David Farabee, Ph.D., Principal Investigator
(dfarabee@ucla.edu)
Richard Rawson, Ph.D., Mitchell Karno, Ph.D., &
M. Douglas Anglin, Ph.D., Co-Investigators
Valerie Pearce, B.A., Project Director

The purpose of this study is to develop and compare the efficacy of four low-cost, telephone support protocols for patients who have completed the intensive phase of a structured, outpatient stimulant abuse treatment protocol. Patients (N = 500) who have successfully completed the 4-month Matrix Outpatient Model of stimulant abuse treatment are randomly assigned to one of five aftercare counseling conditions: (1) unstructured/non-directive, (2) unstructured/directive, (3) structured/non-directive, (4) structured/directive, or (5) standard referral to aftercare without telephone counseling (control). The two structured conditions are based on the behavioral “prompts” identified by Farabee et al. (2002) as being associated with drug avoidance. In the non-directive conditions, patients state their own goals and how they intend to achieve them. In the directive conditions, the coaches provide specific recommendations for the adoption of as many drug-avoidance activities as possible. Certain patient personality traits or styles are also assessed for their possible interaction with the telephone counseling dimensions.

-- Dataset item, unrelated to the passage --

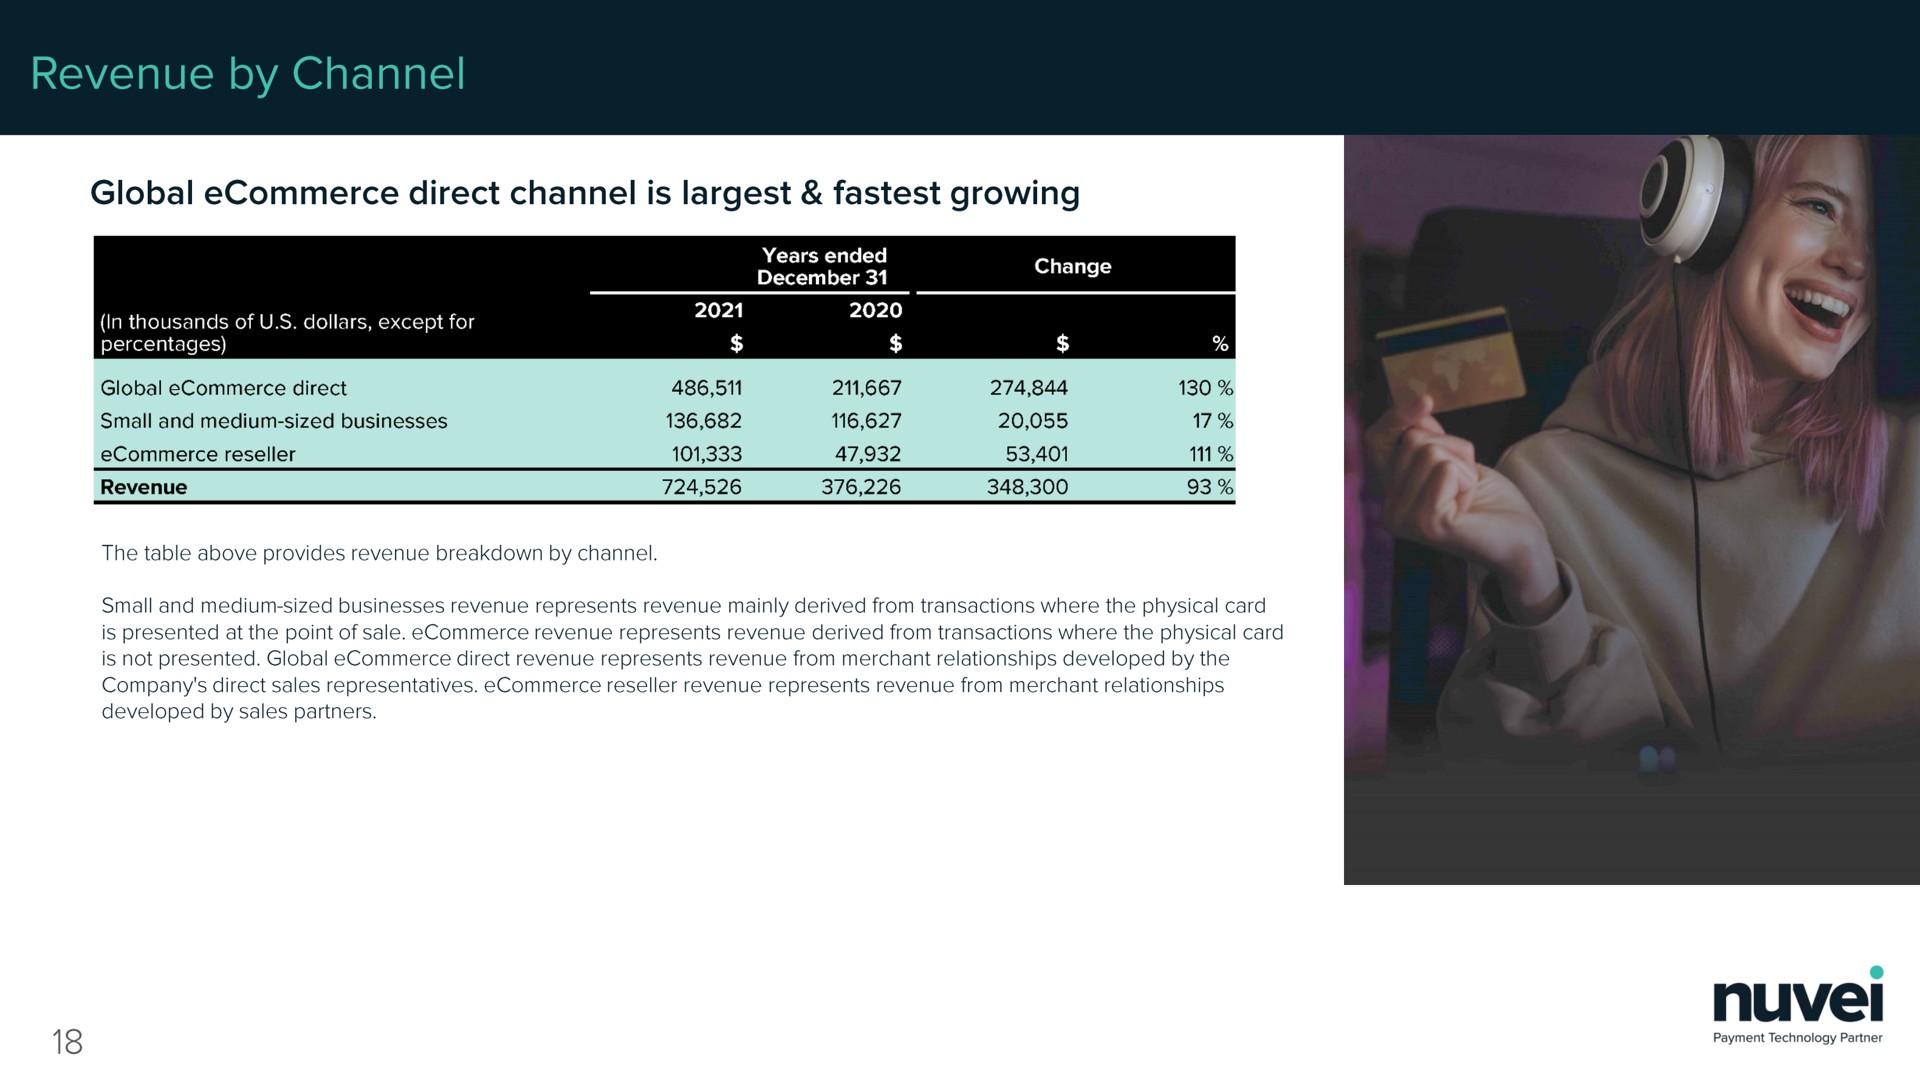 revenue by channel global direct channel is growing | Nuvei

Outcomes will be tracked at 6 and 12 months following completion of primary treatment and will include measurement of participation in drug-avoidance activities (including aftercare participation), as well as self-reported and objective measures of substance use and associated prosocial behavior change.

Two Models of Telephone Support for Stimulant Recovery was funded by the National Institute on Drug Abuse, Grant 1 R01 DA018208 (August 2005 through July 2010).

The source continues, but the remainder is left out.